General information
- Other names: Coronel Fabriciano Station
- Location: Current Pedro Nolasco Street Brazil
- Coordinates: 19°31′48″S 42°37′26″W﻿ / ﻿19.53000°S 42.62389°W
- Owner: Vitória-Minas Railway
- Manager: Vale S.A. (until its deactivation)
- Line: Vitória-Minas Railway
- Platforms: 1

Other information
- Status: Demolished. In its place the Coronel Fabriciano Bus Terminal was built

History
- Opened: 9 June 1924
- Closed: 29 January 1979
- Former names: Raul Soares

= Calado station =

Former railway station in Minas Gerais, Brazil

The Calado Station ("Estação Calado"), also known as Coronel Fabriciano Station, was a railway station that operated as a passenger and loading and unloading terminal in the Brazilian municipality of Coronel Fabriciano, in the countryside of the state of Minas Gerais. It was inaugurated on June 9, 1924, being at the time one of the three largest stations of the Vitória-Minas Railway (EFVM). Around it was established the urban core that gave rise to the headquarters of the then-subordinated district to Antônio Dias, emancipated in 1948.

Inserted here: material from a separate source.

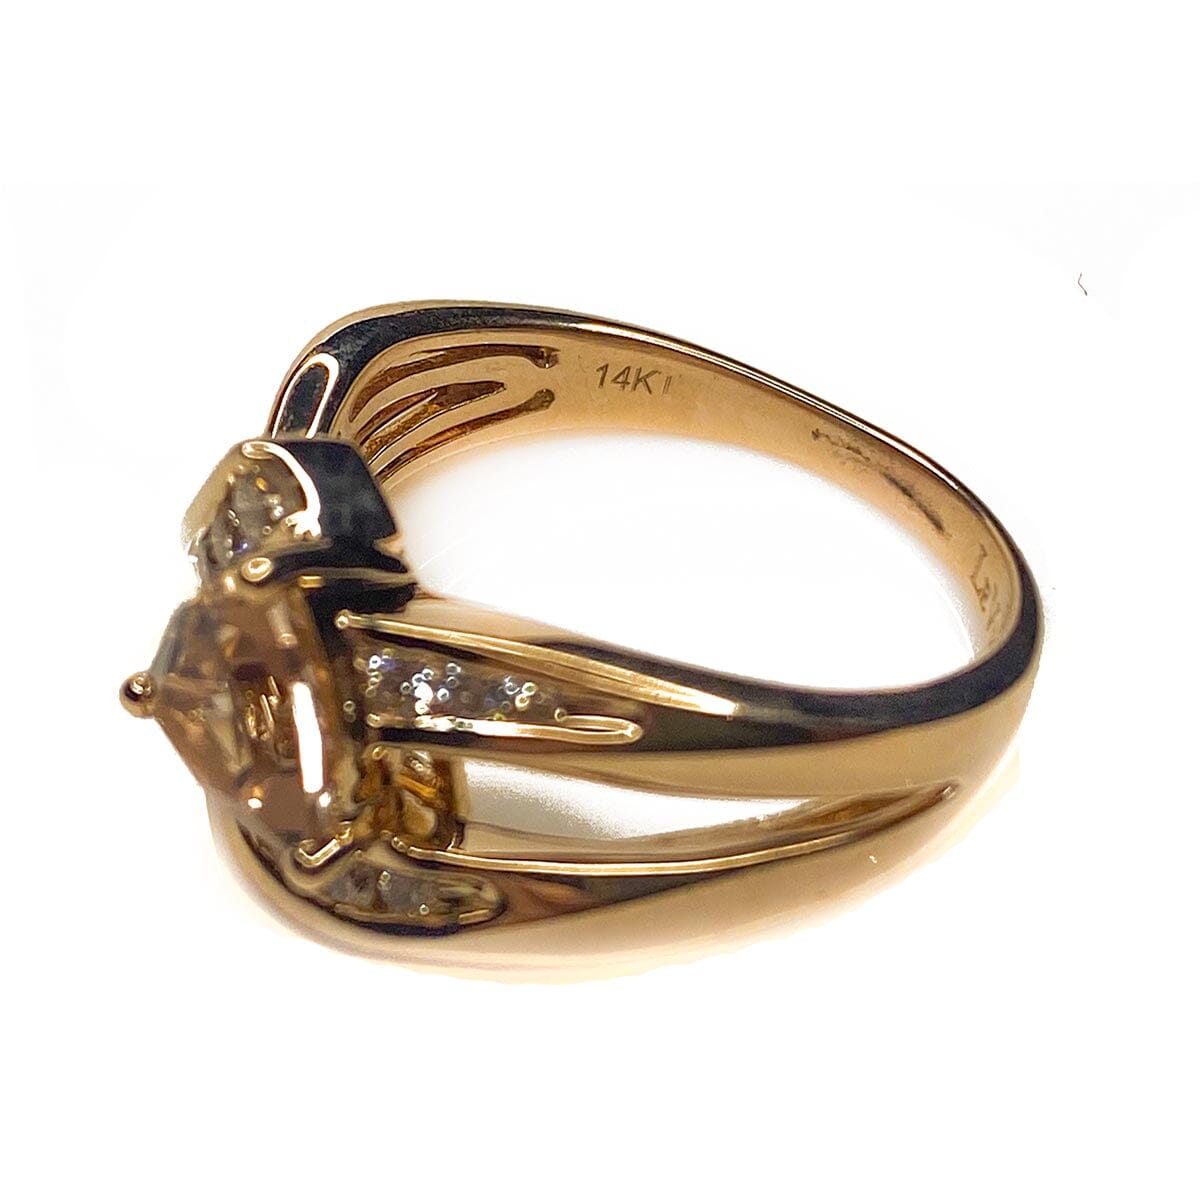 Great Lakes Boutique Le Vian 14 k Rose Gold Morganite &amp; Diamond Ring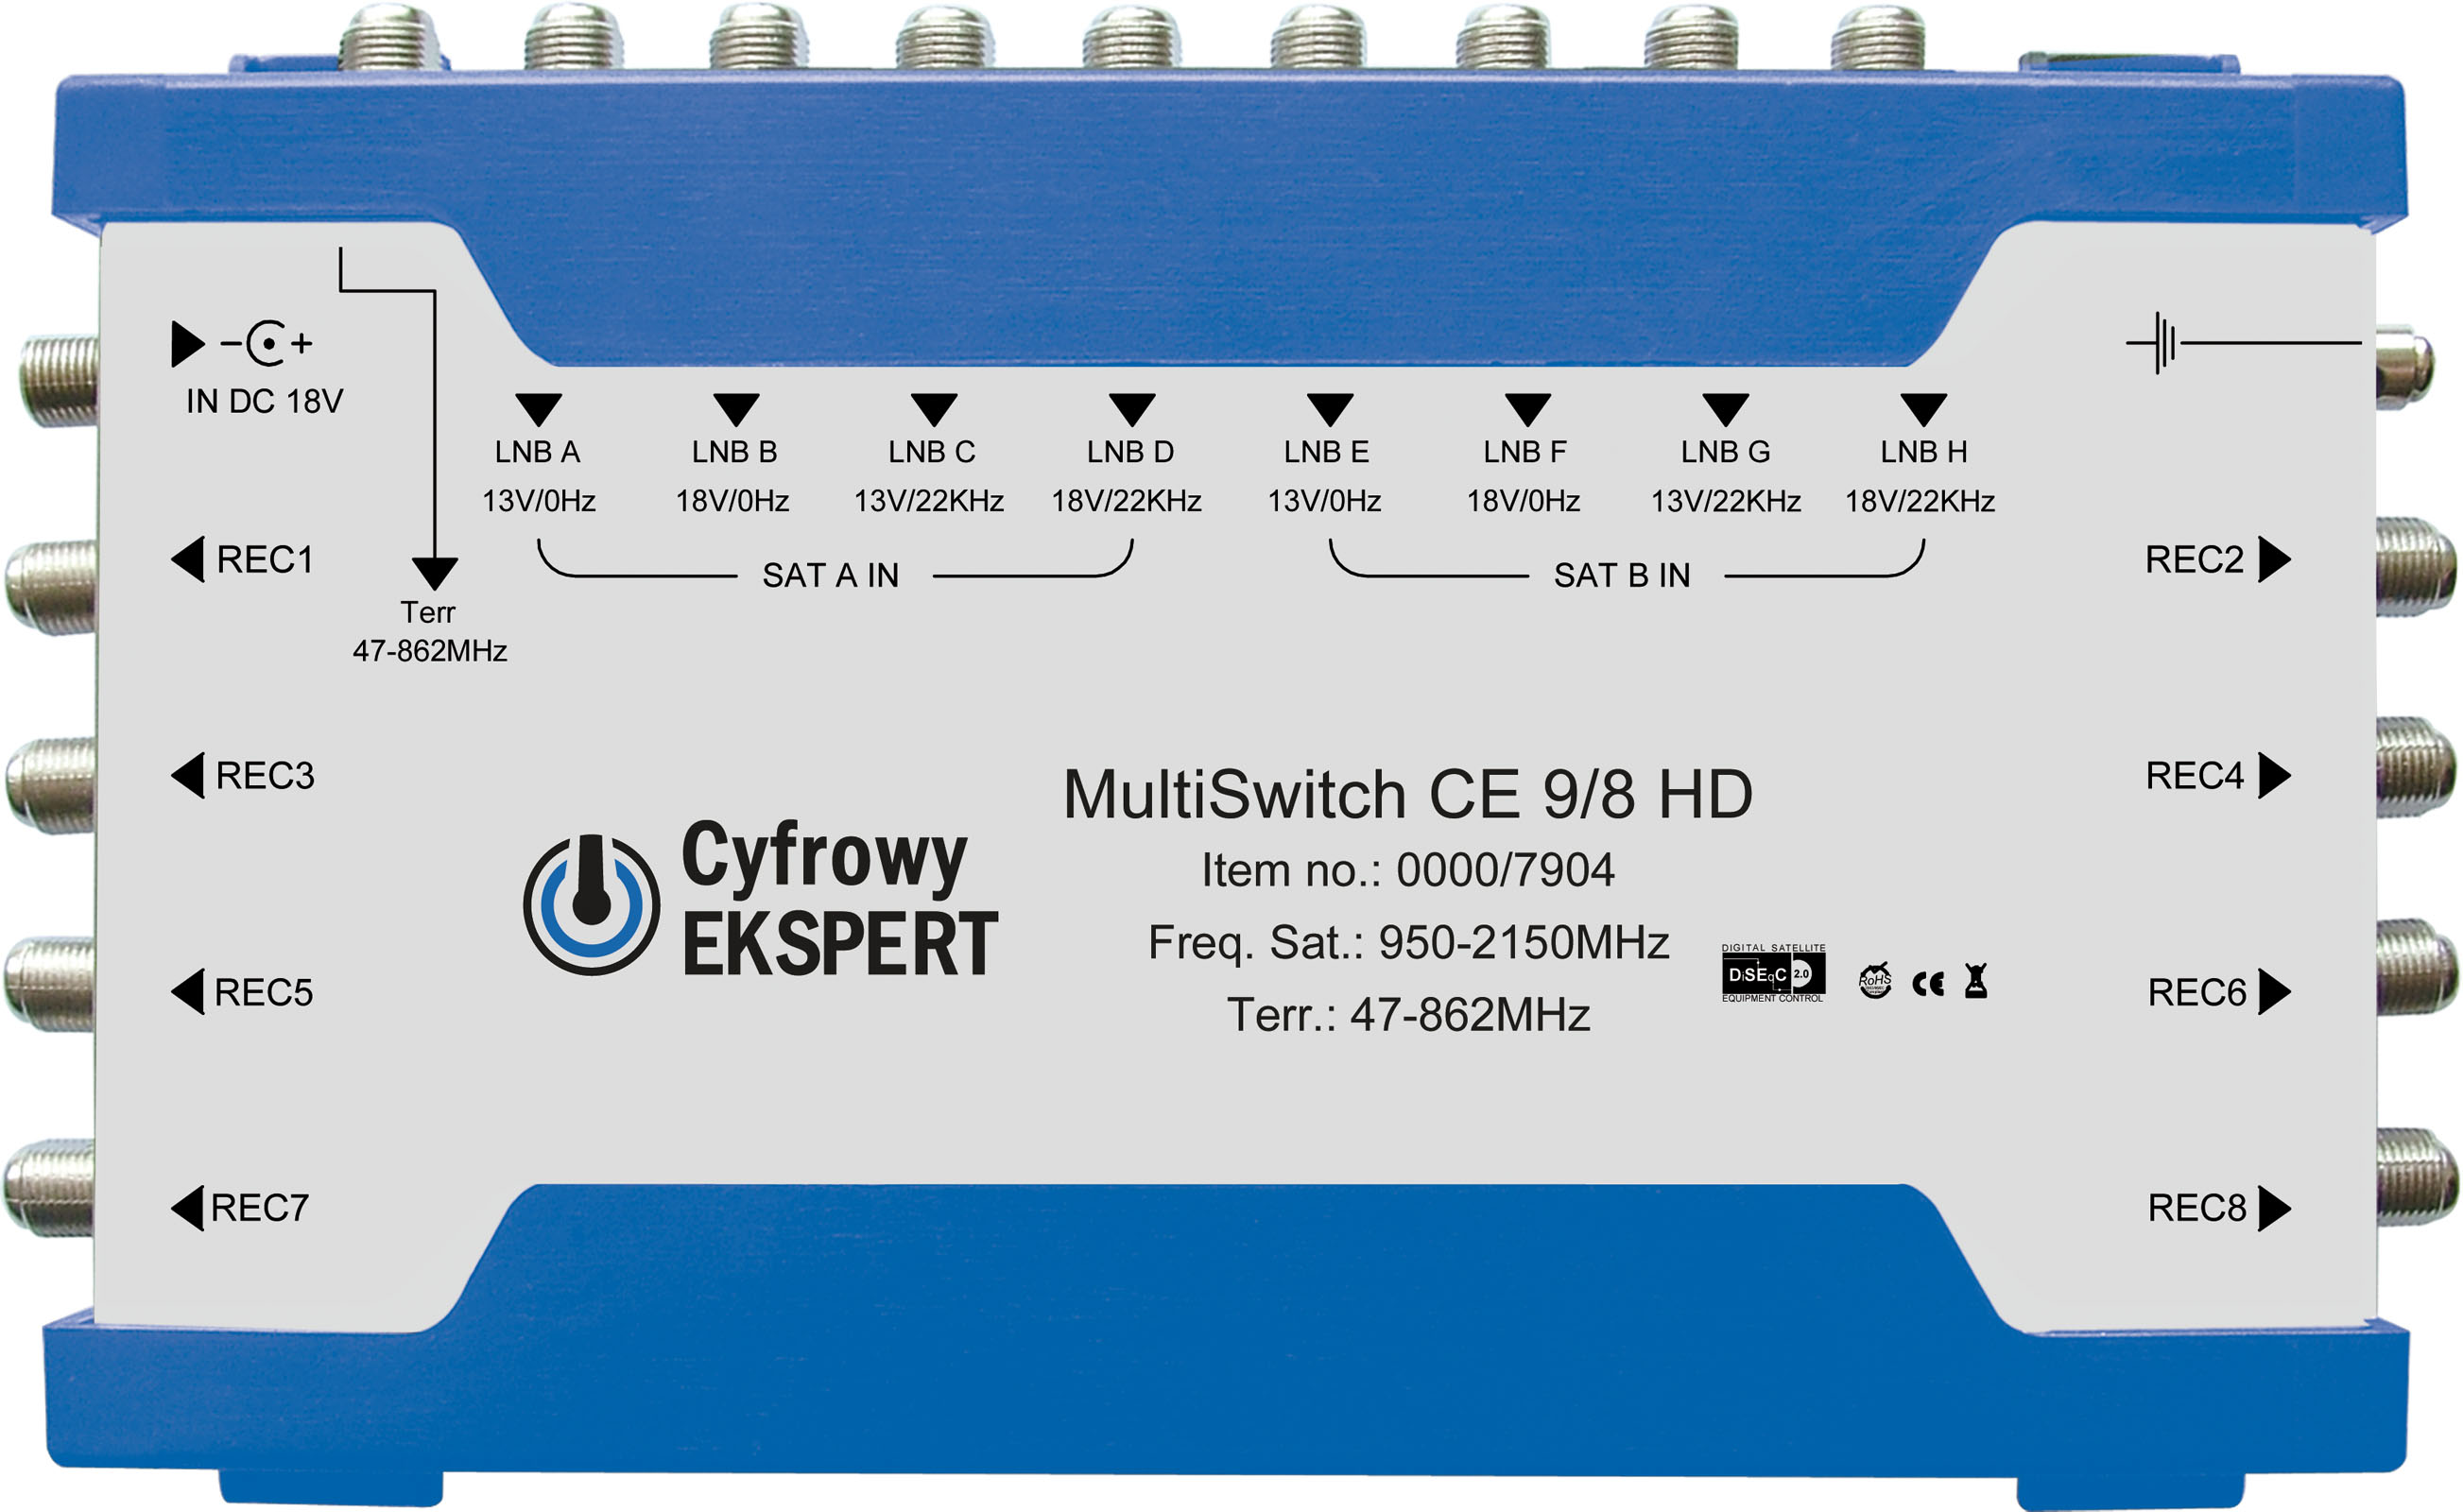 Multiswitch CE 9/8 HD

The population growth in the central region of the city led to the displacement of the railroad outside the urban perimeter, culminating in the closure of the station in 1979 and later its demolition. The Coronel Fabriciano Bus Terminal was built on the site. The destruction of the old railway terminal without any hindrance from the authorities represented the loss of historic and cultural municipal heritage since it had an influence on the development of the city and was part of the local daily life, besides being part of the history of the EFVM.

== History ==
The construction of the terminal occurred due to the advancement of the EFVM lease through the Rio Doce Valley. The implementation of the railroad had been paralyzed near Belo Oriente, being resumed in the early 1920s. On this occasion, the first workers responsible for the railroad and station were established in the place known as Barra do Calado since it was located near the mouth of the Caladão stream. In Santo Antônio de Piracicaba, in the current Melo Viana neighborhood, the development of the settlement led to the creation of the Melo Viana district in 1923, subordinated to Antônio Dias. Before that, Barra do Calado and Santo Antônio de Piracicaba were on the route of troopers who traveled the region transporting cargo and goods, and the population was of no more than a few hundred residents.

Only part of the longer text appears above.